━━━ Provided material ━━━

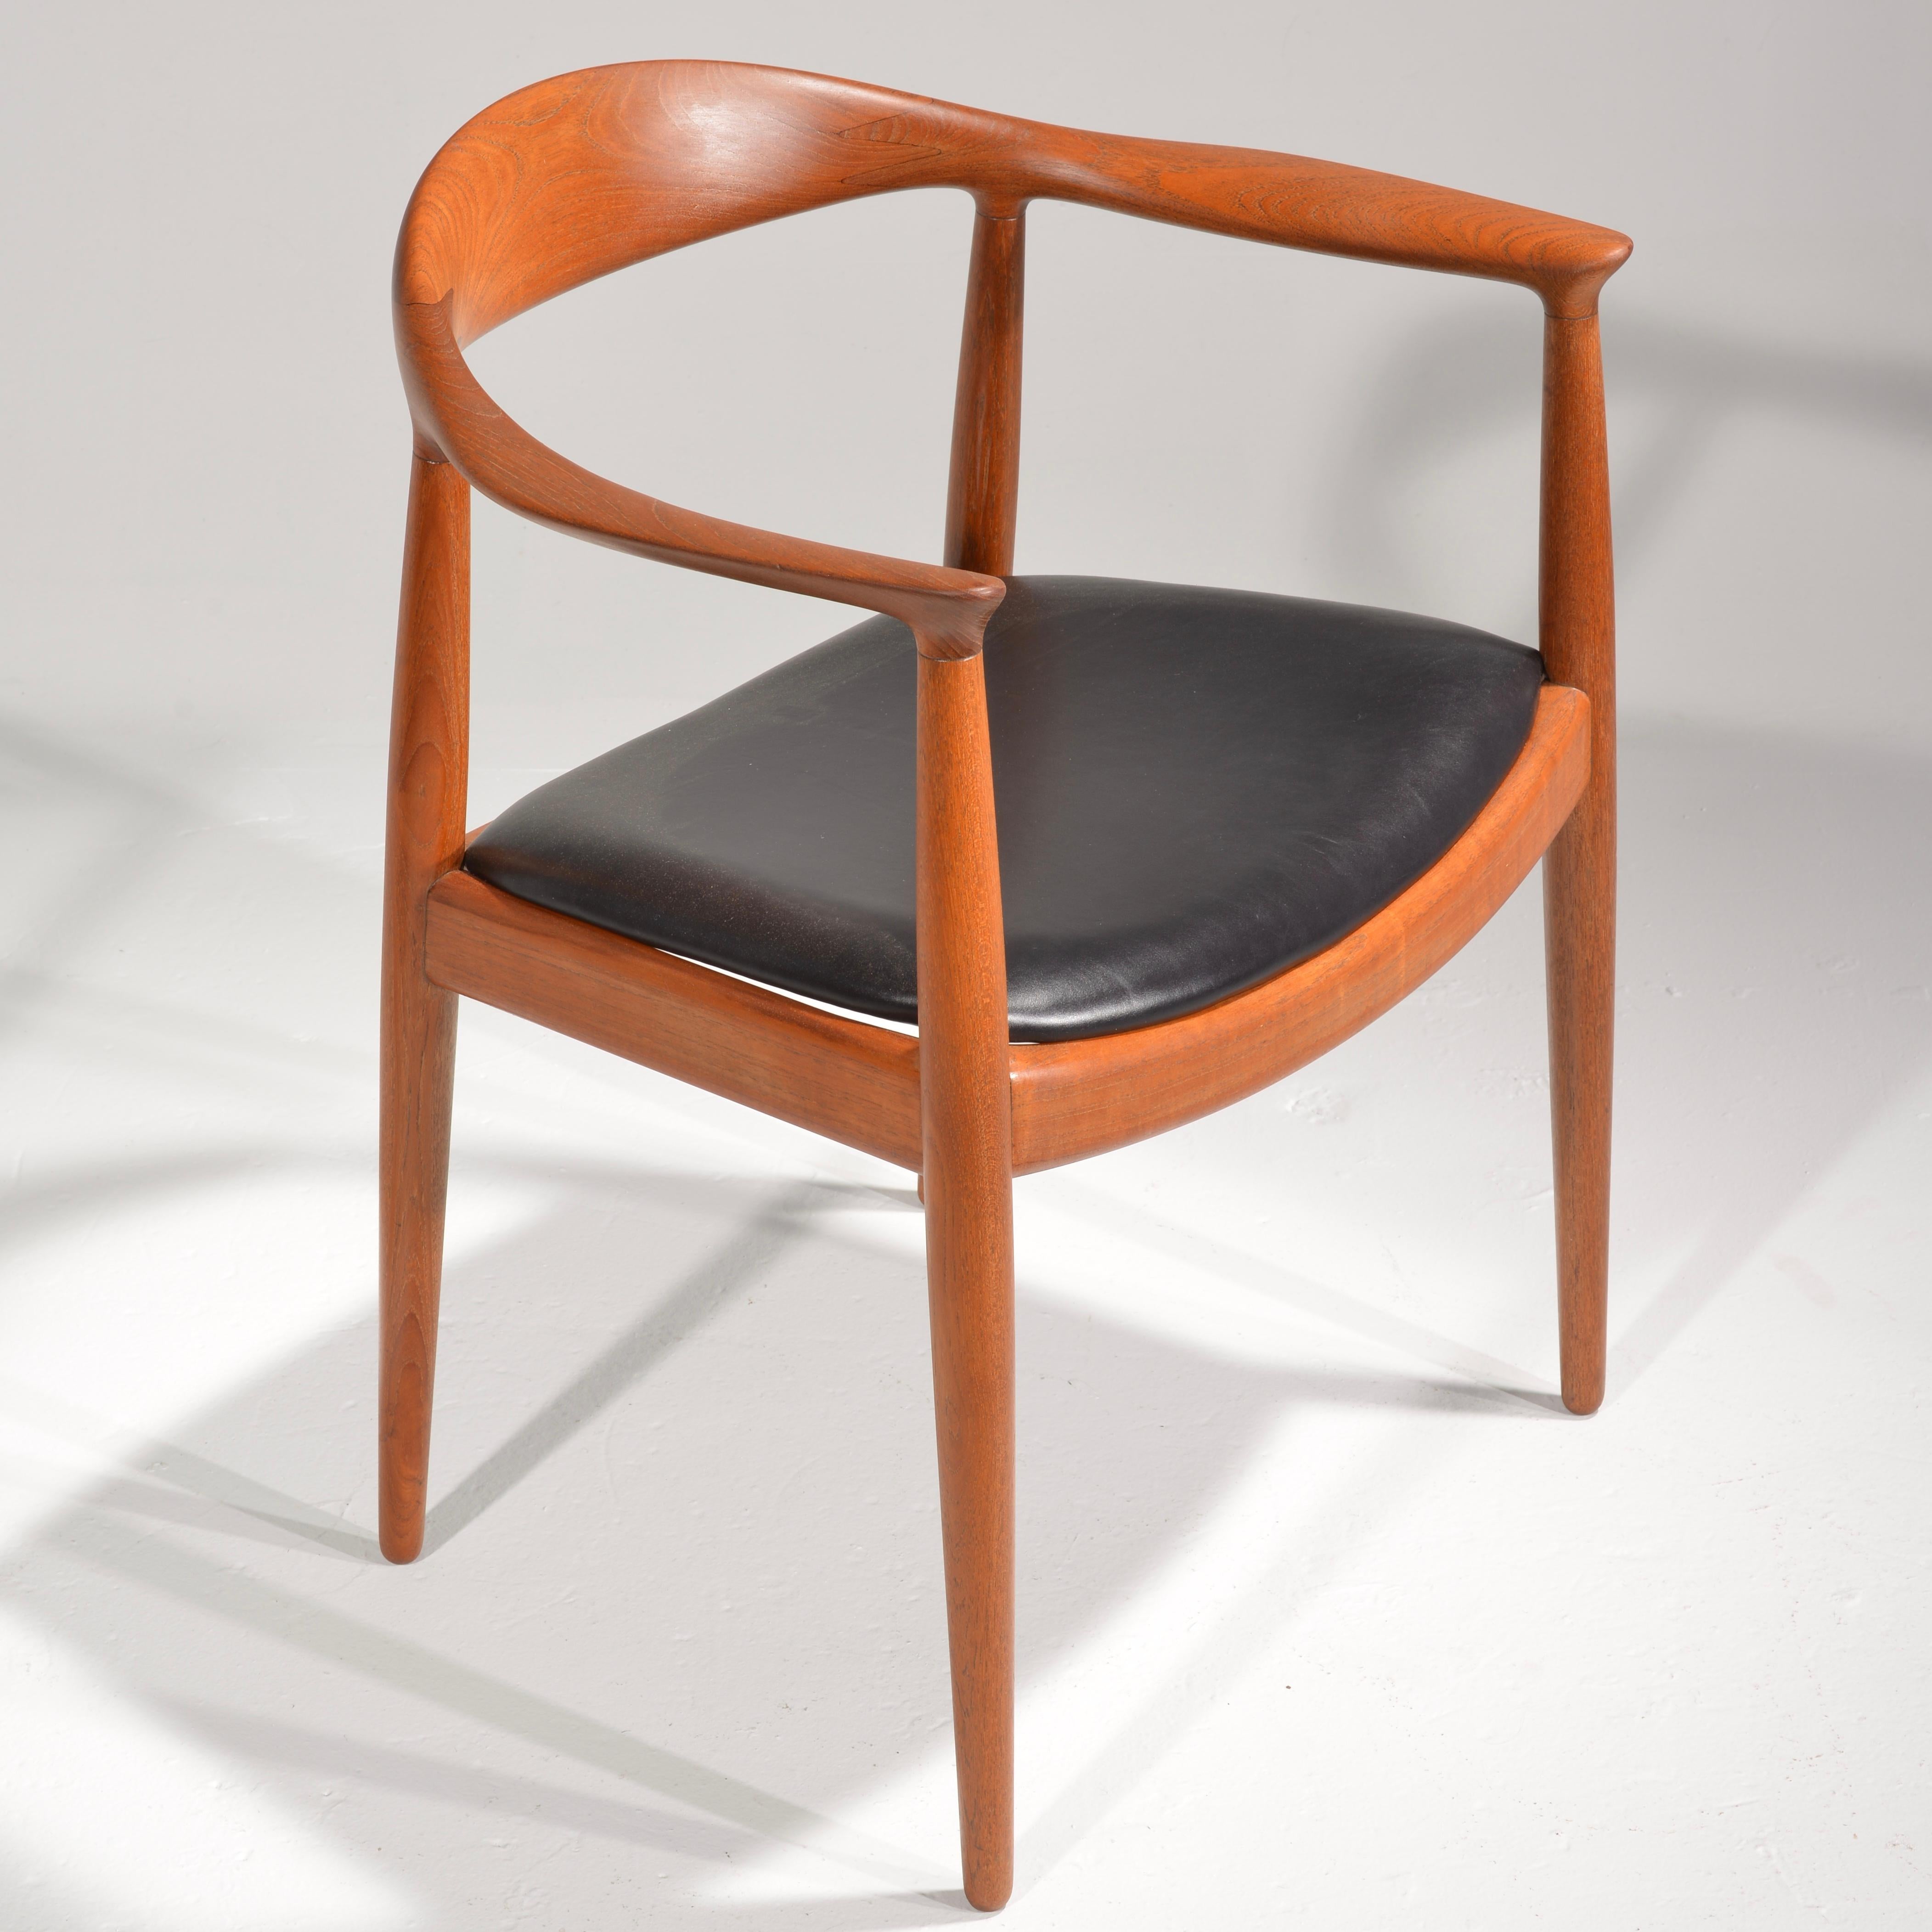 Wir freuen uns, 4 frühe Hans Wegner JH-503 Stühle anbieten zu können, die 1949 entworfen und von Johannes Hansen produziert wurden. Vollständig restaurierte solide Konstruktion aus altem Teakholz. Gestempelt mit der Herstellermarke. Derzeit haben
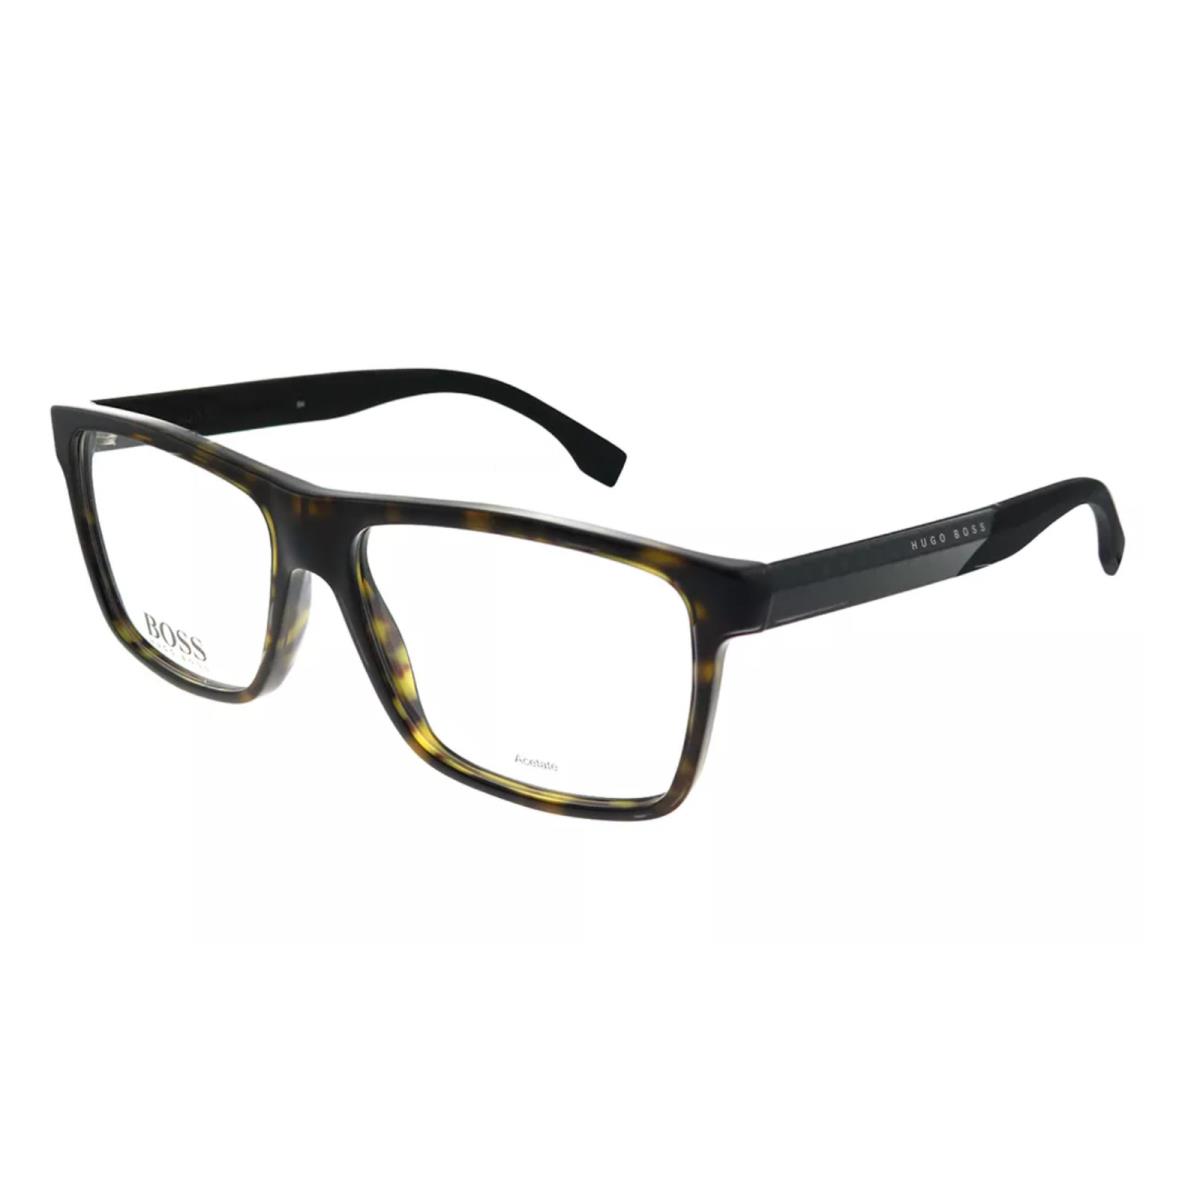 Hugo Boss Reading Glasses 0880 Hxf 55-15 Tortoise Carbon Fiber Frames Readers
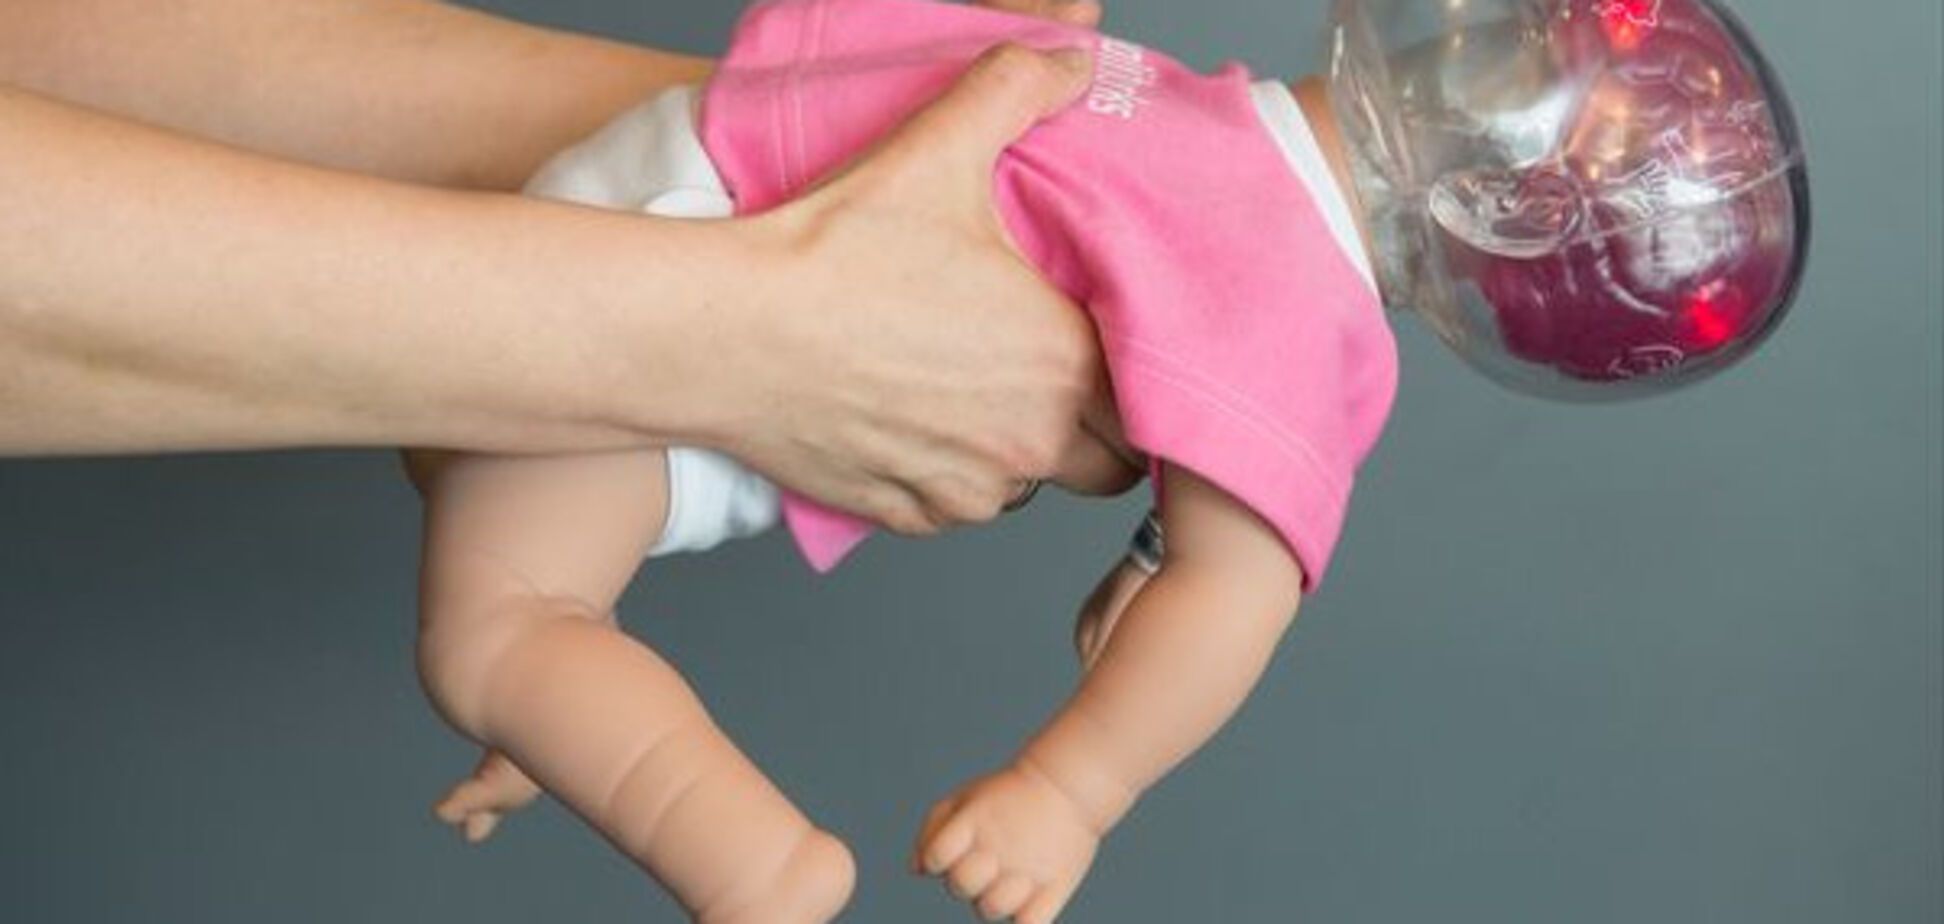 Необратимые повреждения: ученые о том, что происходит с мозгом ребенка при встряхивании

━━━

Your instructions >>
Starting from the line that has "Hugo Boss Reading" and ending at the last line of the material above, every line should be output exactly; pictures are dropped and nothing else appears.

Final answer >>
 Hugo Boss Reading Glasses 0880 Hxf 55-15 Tortoise Carbon Fiber Frames Readers
 Необратимые повреждения: ученые о том, что происходит с мозгом ребенка при встряхивании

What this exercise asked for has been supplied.